After a lot of thinking and consulting with Victor and Calvin I decide I’m pretty much done with the dome sanding/fitting. There’s some minor gaps but I can tweak them later and some may work themselves out for various reasons and decisions later.

I think I’ve been procrastinating and using the gaps as an excuse not to starting cutting some holes, so tonight was the night.

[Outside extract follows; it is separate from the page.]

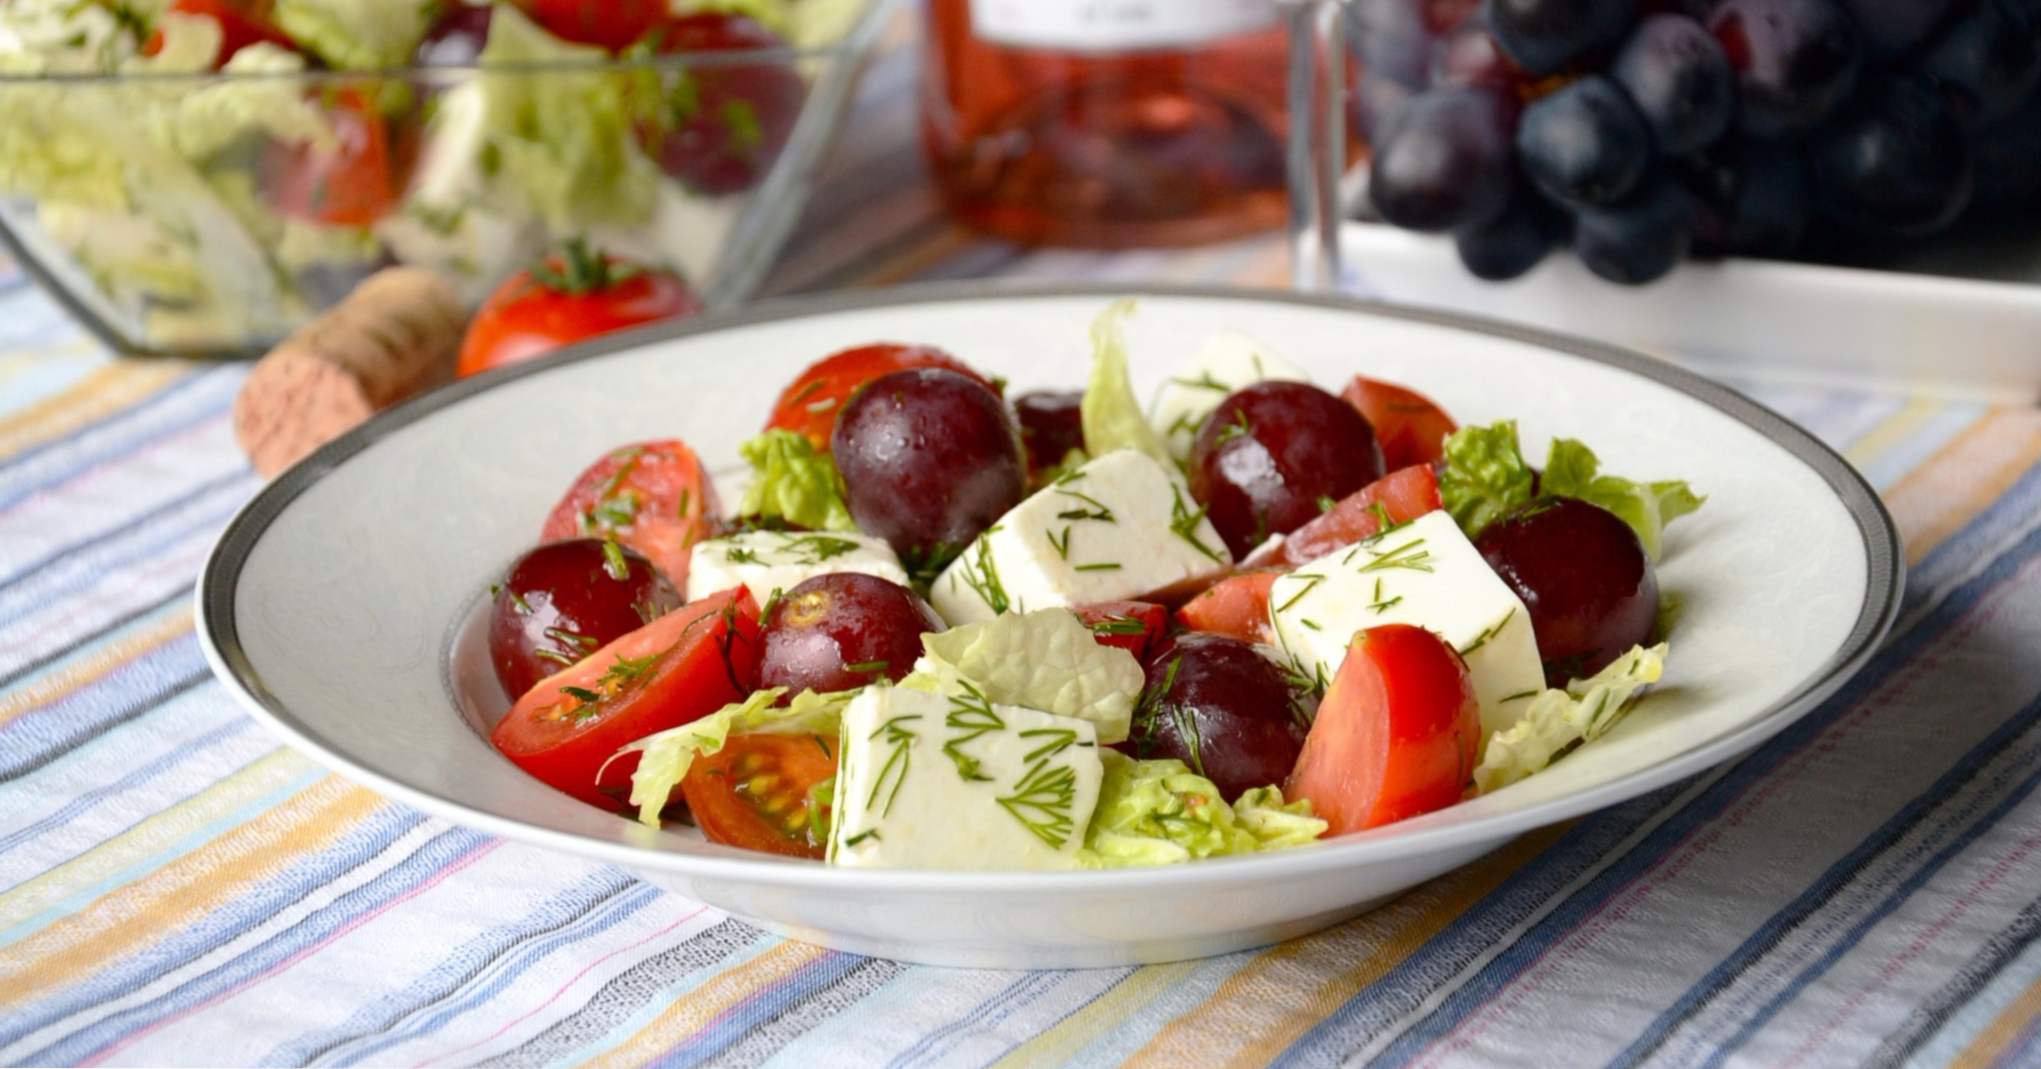 Salata s grožđem - 8 ukusnih recepata za kuhanje

I started off with an easy one – the front holoprojector. It went a lot quicker and easier than I’d thought and the result was excellent if I do say so myself.

Basic Steps

  • Overlay outer dome and mark circle.
  • Find center of circle using some quick math.
  • Decide on diameter of hole to cut and first mark with a compass then set the drill hole cutting tool the same.
  • Double check slightly larger marked hole with outer dome again.
  • Center punch hole.
  • Drill pilot hole.
  • Drill hole the same size as drill cutting tool bit.
  • Start cutting.
  • At some point I broke thru on some spots so stopped.
  • Dremeled pie wedges using a reinforced cut-off wheel and snapped off the pieces when done.
  • File off burrs, hold breath and test fit.

That’s it, and to be honest it was pretty easy really. I’d decide to make the hole exactly the same diameter as the outer hole. If I screwed up I figured I could always sand/file it bigger, but making it too big might be a problem. The holoprojector fit perfectly and a quick test fit of the dome looked really good.

Check out this video of my wobbling/bobbing drill bit.

I was about to drill another when the battery died on my cordless drill, so I’ll have to wait till tomorrow now.